Professor Krista Comer, Chair of the Awards Committee
Professor Comer is a scholar of contemporary literature and cultural politics with interdisciplinary interests in problems of place, space and their theorization. Her books include Landscapes of the New West: Gender and Geography in Contemporary Women’s Writing (1999), and Surfer Girls in the New World Order (2010). She has published essays widely, and edited two special issues of the journal Western American Literature. In 2014, Professor Comer co-founded the Institute for Women Surfers (IWS), an international grassroots political education initiative in the Public Humanities. Her current book project is Living West as Feminists
Professor Lacy Johnson, Director of Undergraduate Studies
Professor Johnson teaches Creative Nonfiction. She is a professor, curator, activist, and author of The Reckonings (Scribner, 2018), which was a finalist for the National Book Critics Circle Award in Criticism, and the memoir The Other Side (Tin House, 2014). For its frank and fearless confrontation of the epidemic of violence against women, The Other Side was named a finalist for the National Book Critics Circle Award in Autobiography. She is also author of Trespasses: A Memoir (University of Iowa Press, 2012), which has been anthologized in The Racial Imaginary (Fence Books, 2015, edited by Claudia Rankine et al.) and Literature: The Human Experience. She is currently Artistic Director of the Houston Flood Museum.

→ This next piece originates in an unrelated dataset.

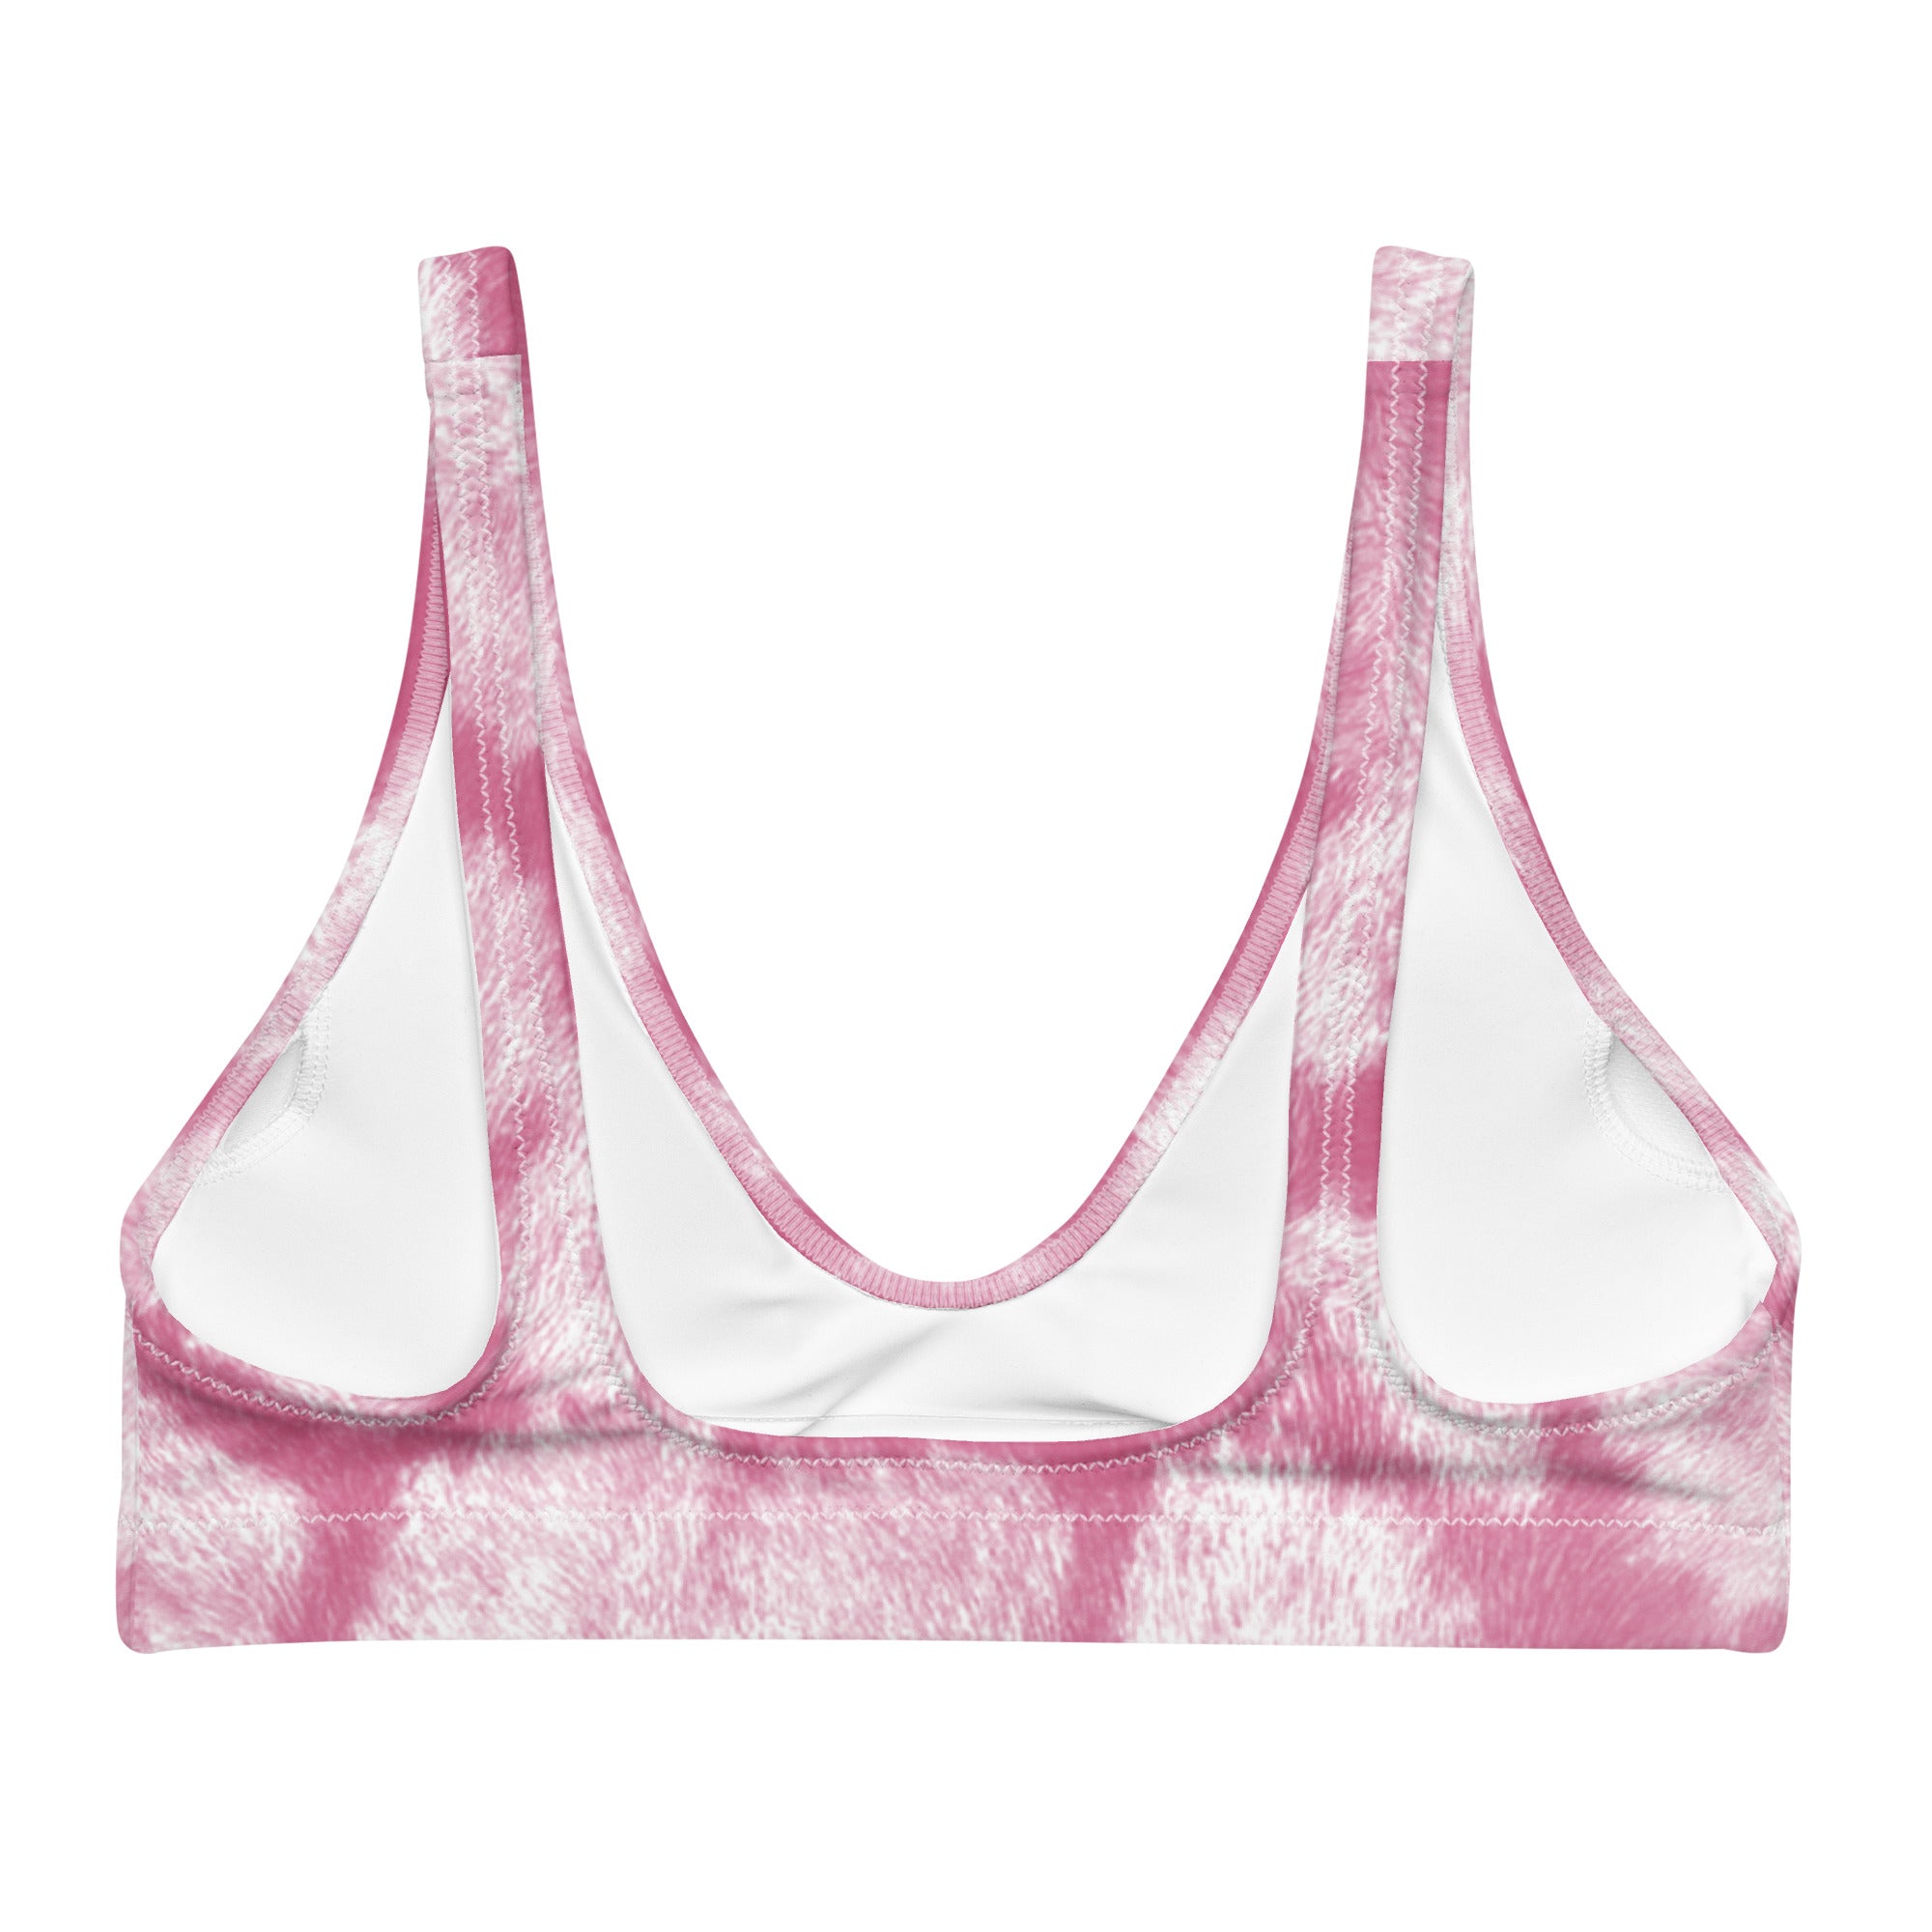 Discover our stylish Pink & White Printed Bikini Top for ladies.

Professor Kirsten Ostherr, Department Chair
Kirsten Ostherr, PhD, MPH is a media scholar, health researcher, and technology analyst. She is currently leading a multidisciplinary project called “Translational Humanities for Public Health” that will identify humanities-based (and humanities-inspired) responses to the COVID-19 pandemic, to document and help others build upon these creative efforts. Kirsten is founder and director of the Medical Humanities program (2016-present) and the Medical Futures Lab (2012-present). She has spoken to audiences at the White House, the World Health Organization, the National Library of Medicine, TEDx, the mHealth Summit, Medicine X, the Louisville Innovation Summit, the Bauhaus, and universities and conferences worldwide.

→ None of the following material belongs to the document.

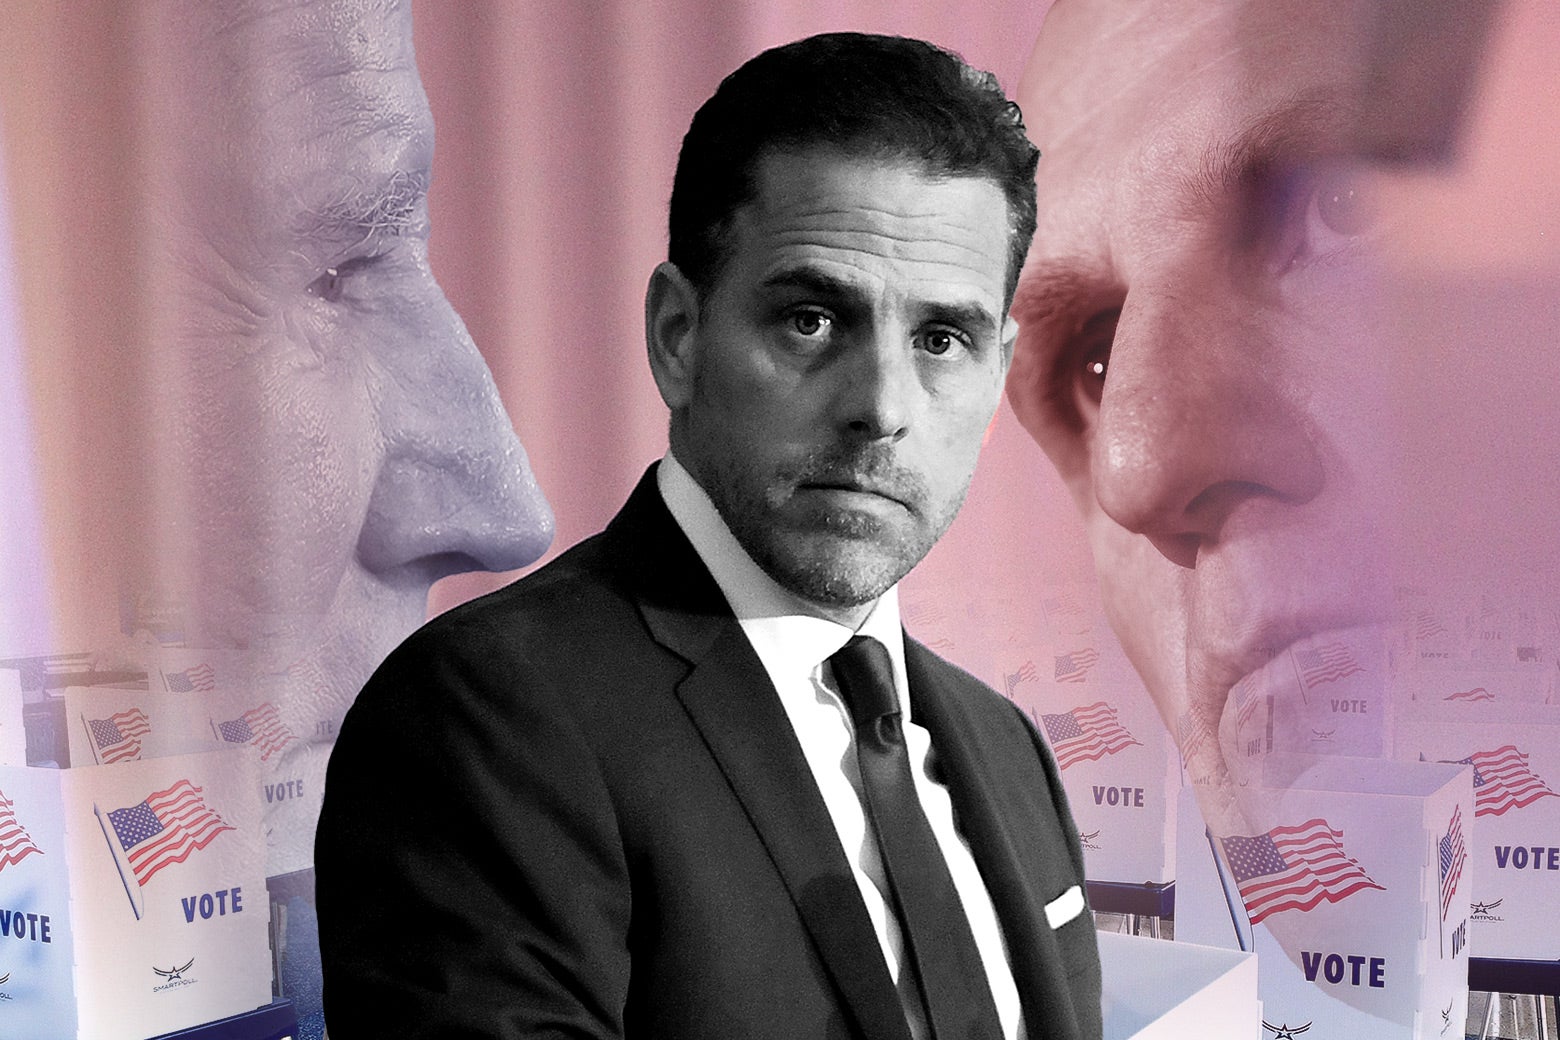 Hunter Biden in court today The presidents son is a thorny problem for Democrats. photo image

Rice English integrates creative and critical practice through training in close reading, analytical writing, cultural history, and craft/form. Our faculty research and pedagogy cover the breadth of the study of British and American literatures and cultures ranging from the medieval era to the present. The curriculum emphasizes literature and literary history, race and ethnicity studies, feminist and gender studies, queer theory and the history of sexuality, visual culture and comparative media studies, and the Anglophone literature of the postcolonial world. Faculty have particular strengths in the newer interdisciplinary areas of medical humanities, ecocriticism, post-humanism, and environmental humanities.
Rice English is also home to a vibrant creative writing concentration offering a range of courses in fiction, poetry, and creative non-fiction.
Our doctoral program is training the next generation of teacher-scholars through interdisciplinary seminars and a comprehensive professionalization program.